A group of African Civil Society Organisations (CSOs) on Wednesday called on the international community to treat climate change as an emergency in the same way as COVID-19 pandemic.

Dr Mithika Mwenda, Executive Director, the Pan-African Climate Justice Alliance (PACJA), stated this during a 7-Day conference in Abuja, Nigeria.

The aim of the meeting, which began on July 12, was to deliberate on the effects of climate change and strategies to mitigate its impacts on Africa’s vulnerable communities.

Mwenda said climate change was more devastating than COVID-19 and should be treated with all urgency as COVID-19, adding that it required governments to keep the public informed in the same way they did during the pandemic.

He said that in spite of the declaration and promises by the international community to help Africans mitigate the impact of climate crisis on vulnerable communities it had not responded to African needs.

The director noted that climate crisis was a crisis of numerous injustices to the people of Africa.

“When COVID-19 broke out, within a short time, the industrial countries mobilised trillions and trillions of dollars to address it because their citizens were affected.

“Before now they have been saying there is no money.
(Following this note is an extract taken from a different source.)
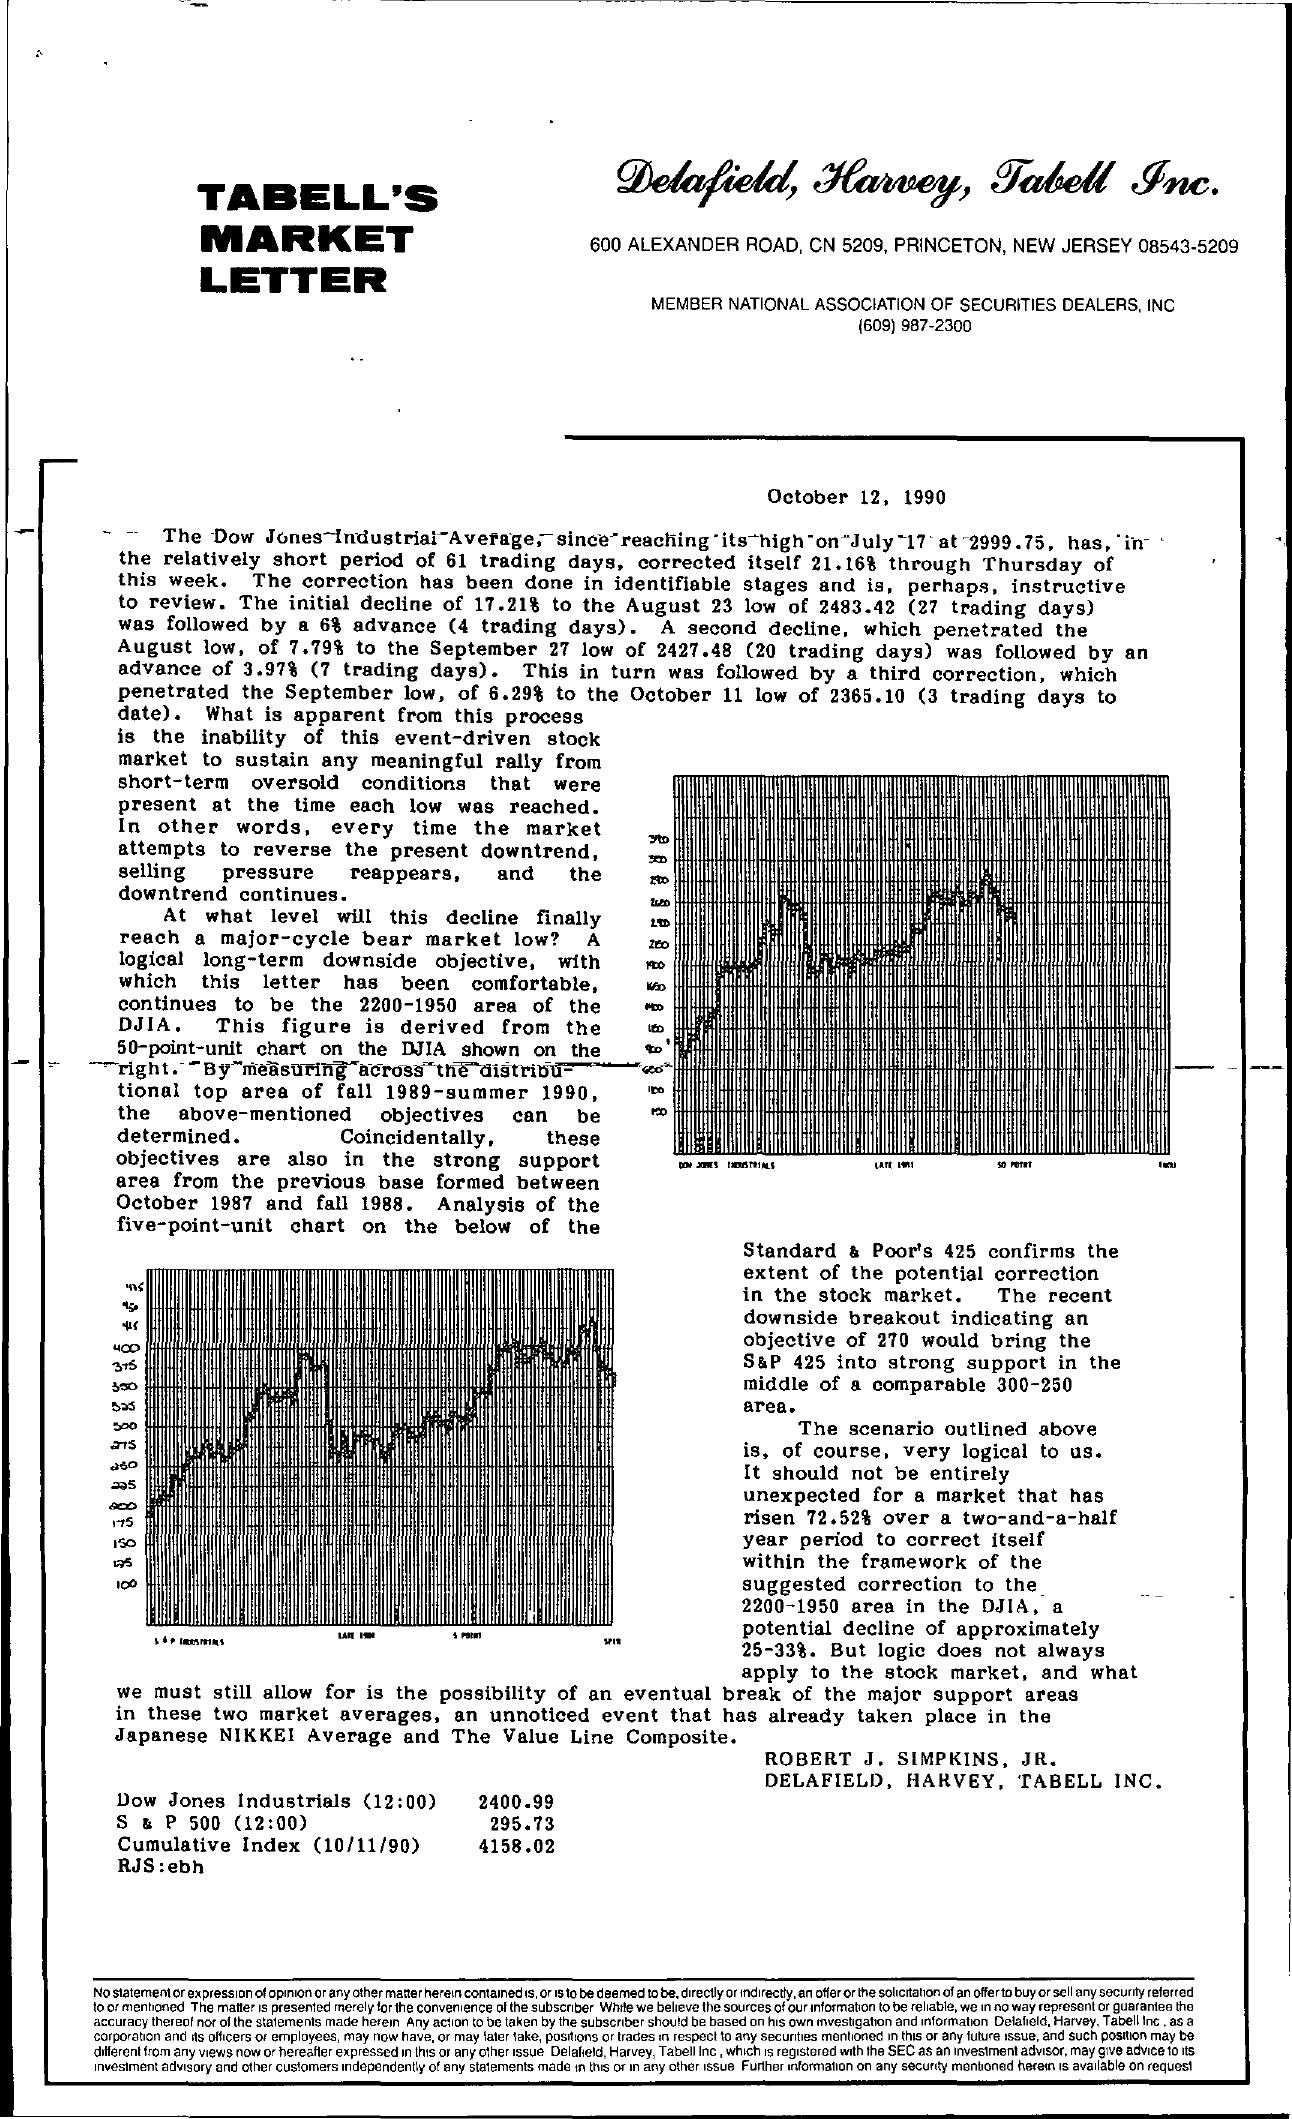 Tabell's Market Letter - October 12, 1990

The question now is: where did the money they are using to address COVID-19 come from?

“This clearly shows that the climate crisis does not affect them but the poor Africans who are the most hit.

“We want that political will from these industrial countries. They have the money but no will to deliver it to Africans,’’ he said.
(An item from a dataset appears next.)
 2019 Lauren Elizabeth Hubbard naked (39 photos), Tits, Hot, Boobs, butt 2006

He stated that the pandemic had affected the implementation of the Nationally Determined Contributions (NDCs) of the Paris Agreement.

He explained that the agreement was a global pact aimed at alleviating the impact of climate change while building resilience of countries and communities around the world.

According to him, NDCs are national commitments to reducing greenhouse gas emissions and pursuing adaptation to climate impact.

“We want to consolidate the African position. CSOs play critical role in representing the communities because they are more of the farmers, producers with young and faith based communities.

“More than hundreds of participants from various countries in African have come up with strategies so that we can tell our governments the position which we want and these are the voices of the people,’’ he said.

The director, therefore, charged those that caused the problem of climate change to take responsibility as agreed at the UN Framework Convention on Climate Change (UNFCCC).

“In 1992, we agreed that because they are the cause of the problem they will address it by helping Africans to adopt the impact of climate change, mitigate and providing sufficient finance and technology.

“All those years, we have been having these conferences. They never did and this is the 26th conference without delivery of anything.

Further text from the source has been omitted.